(Information provided Opens)

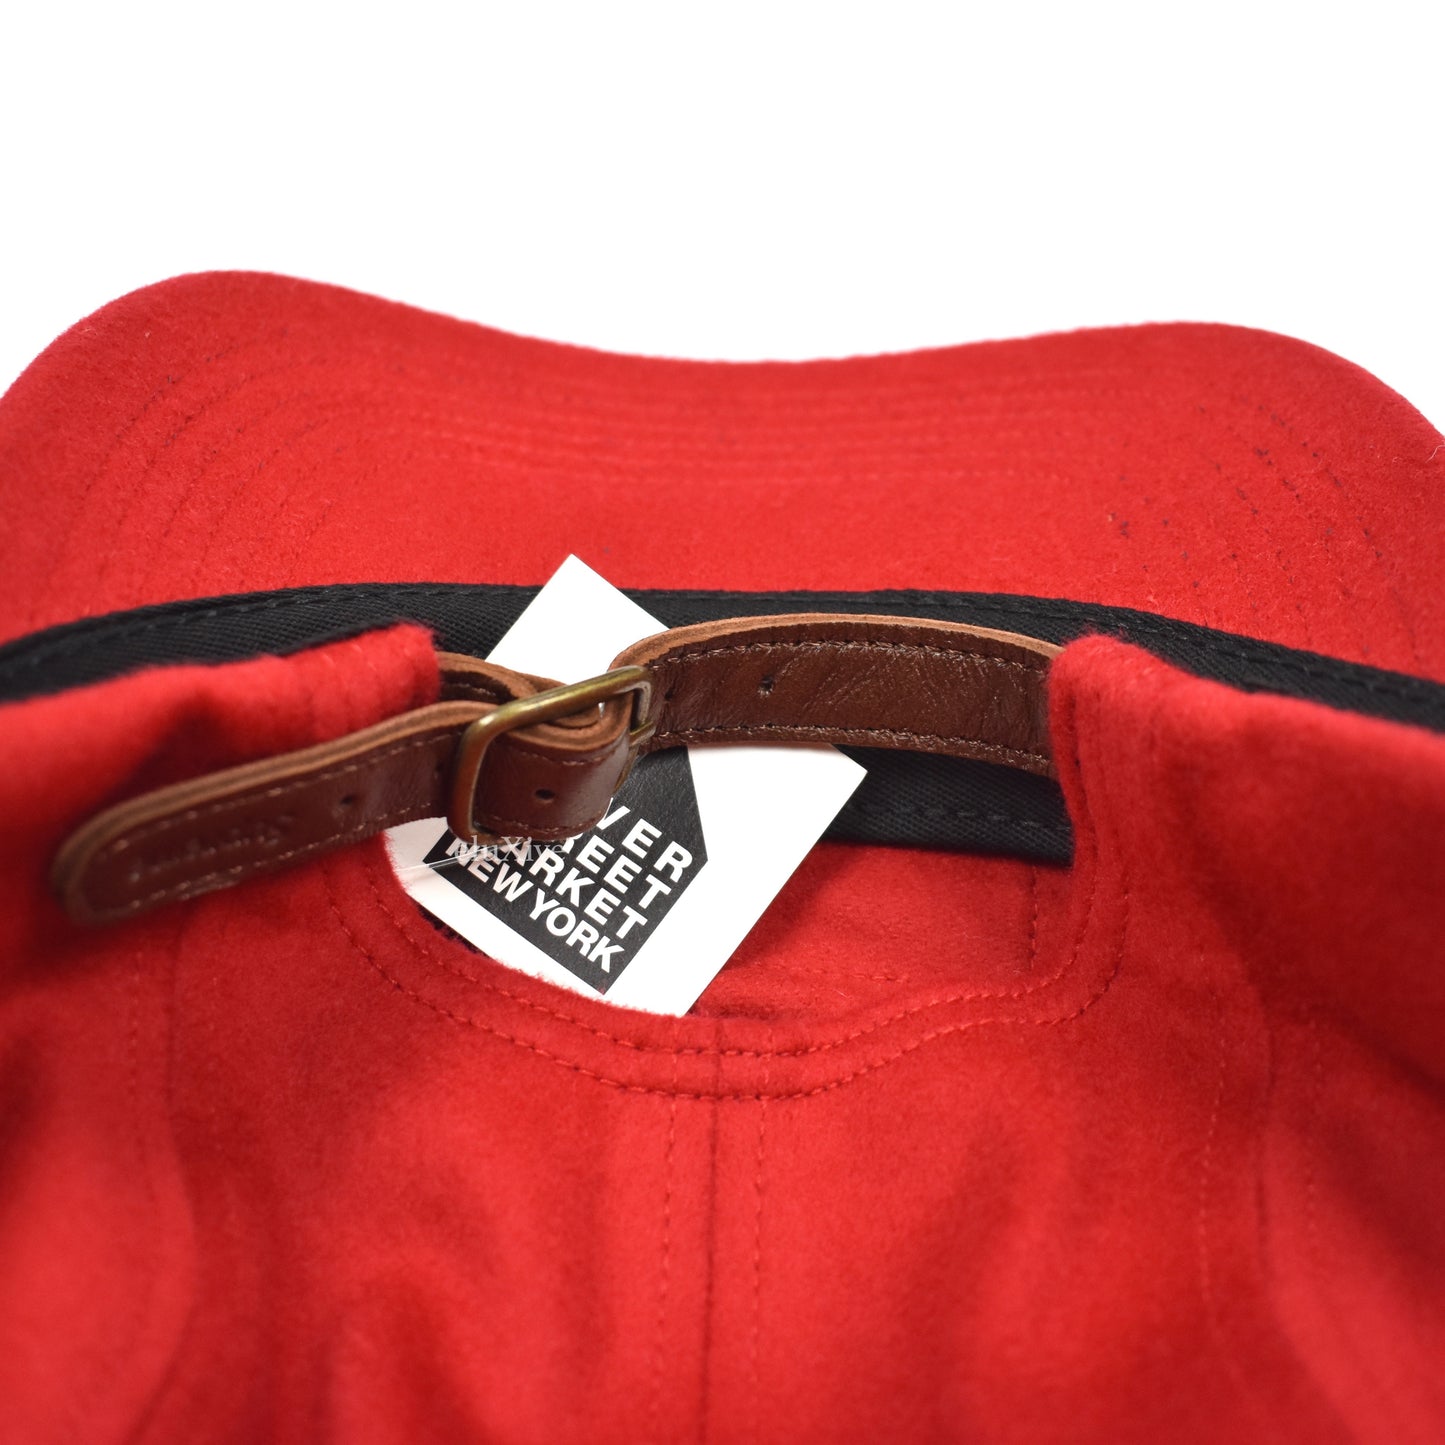 Supreme x Loro Piana - Red Wool Box Logo Hat (FW20)
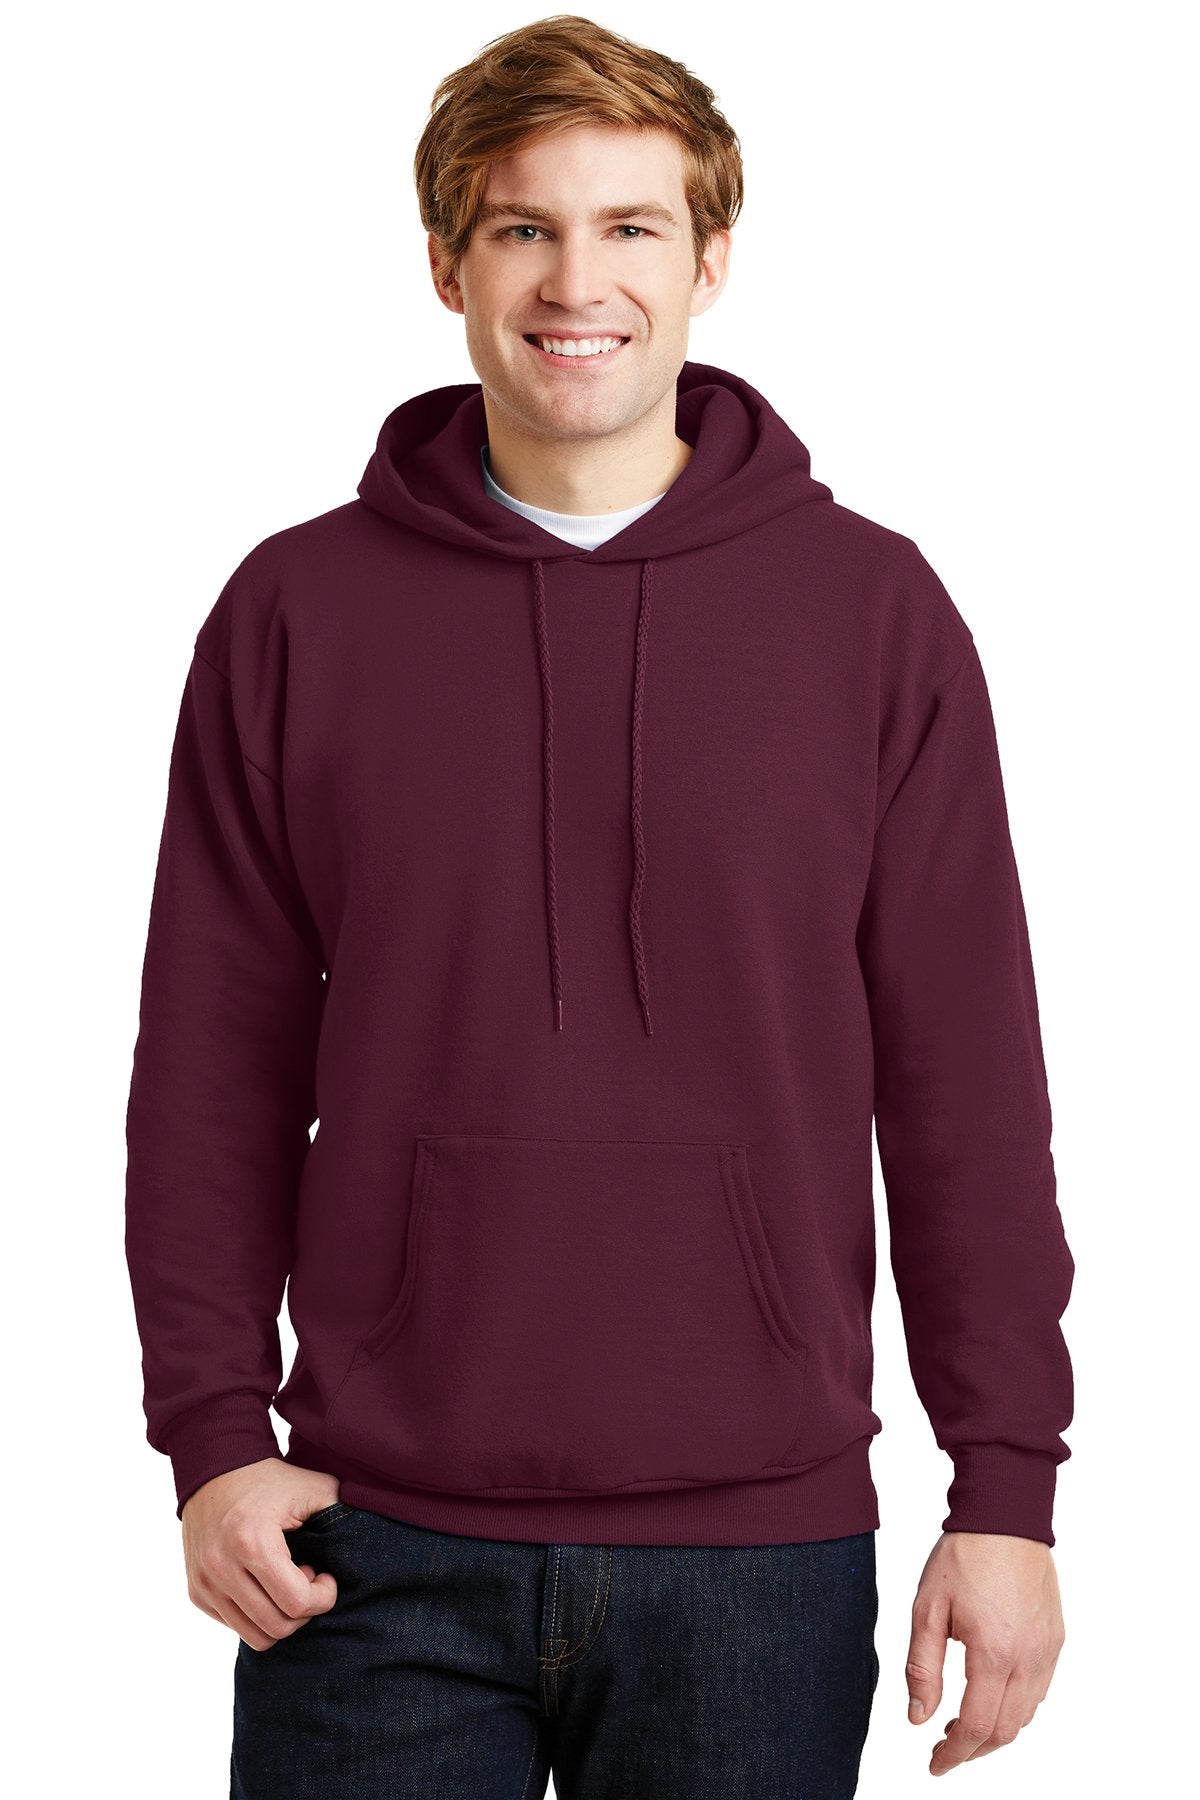 Hanes EcoSmart Pullover Hooded Sweatshirt in Maroon, with a custom logo
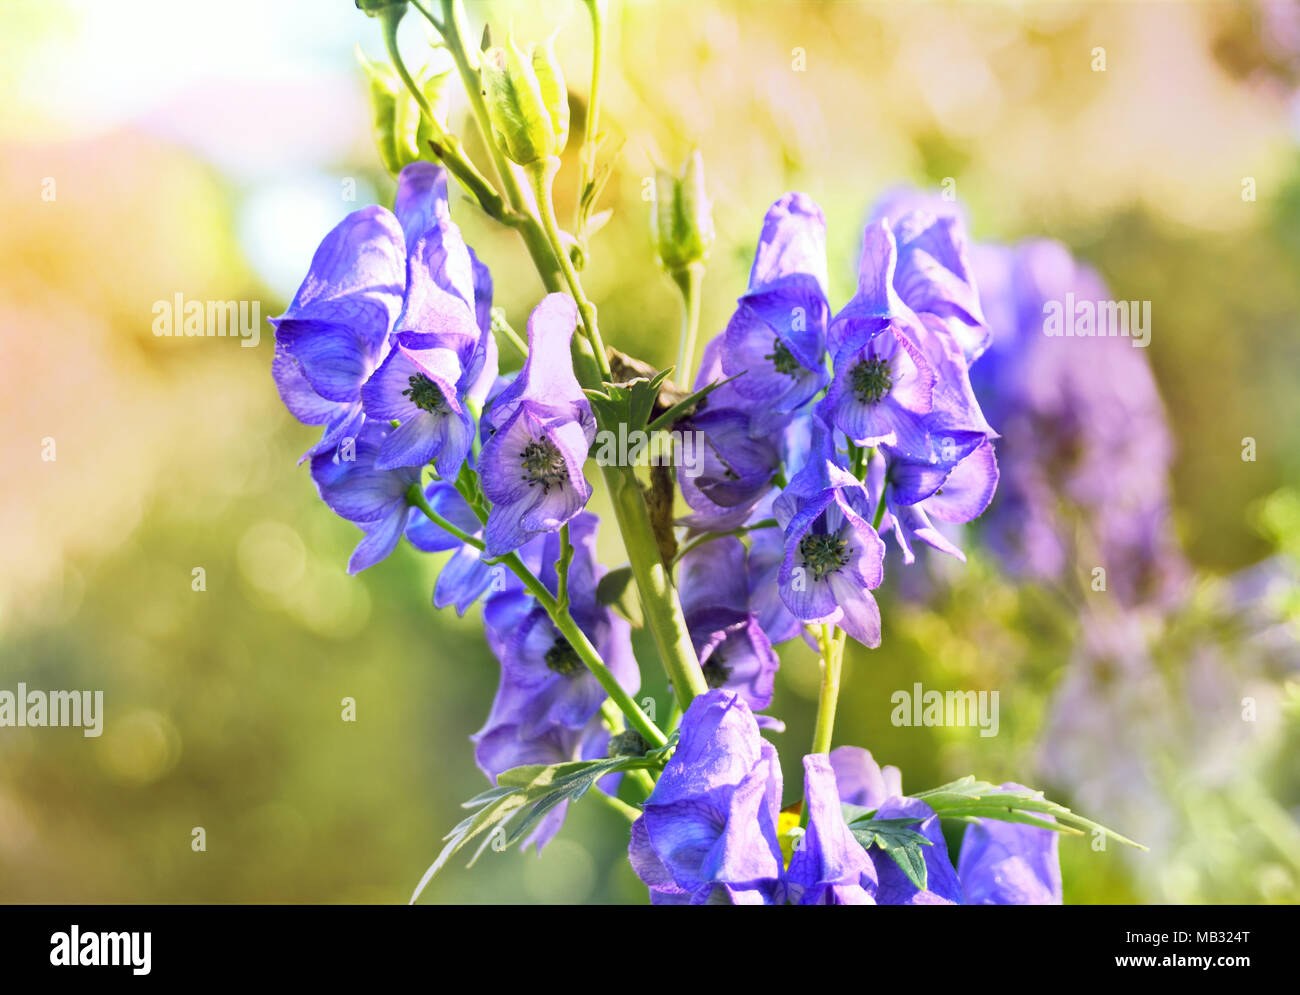 Blue helmet flower or aconite flower in the sunlight. Closeup shot of purple flowers. Stock Photo

(Information provided Closes)

Reproduce the lines above letter for letter. The pictures stay behind.

_Finished task_
 Supreme x Loro Piana - Red Wool Box Logo Hat (FW20)
 Hanes EcoSmart Pullover Hooded Sweatshirt in Maroon, with a custom logo
 Blue helmet flower or aconite flower in the sunlight. Closeup shot of purple flowers. Stock Photo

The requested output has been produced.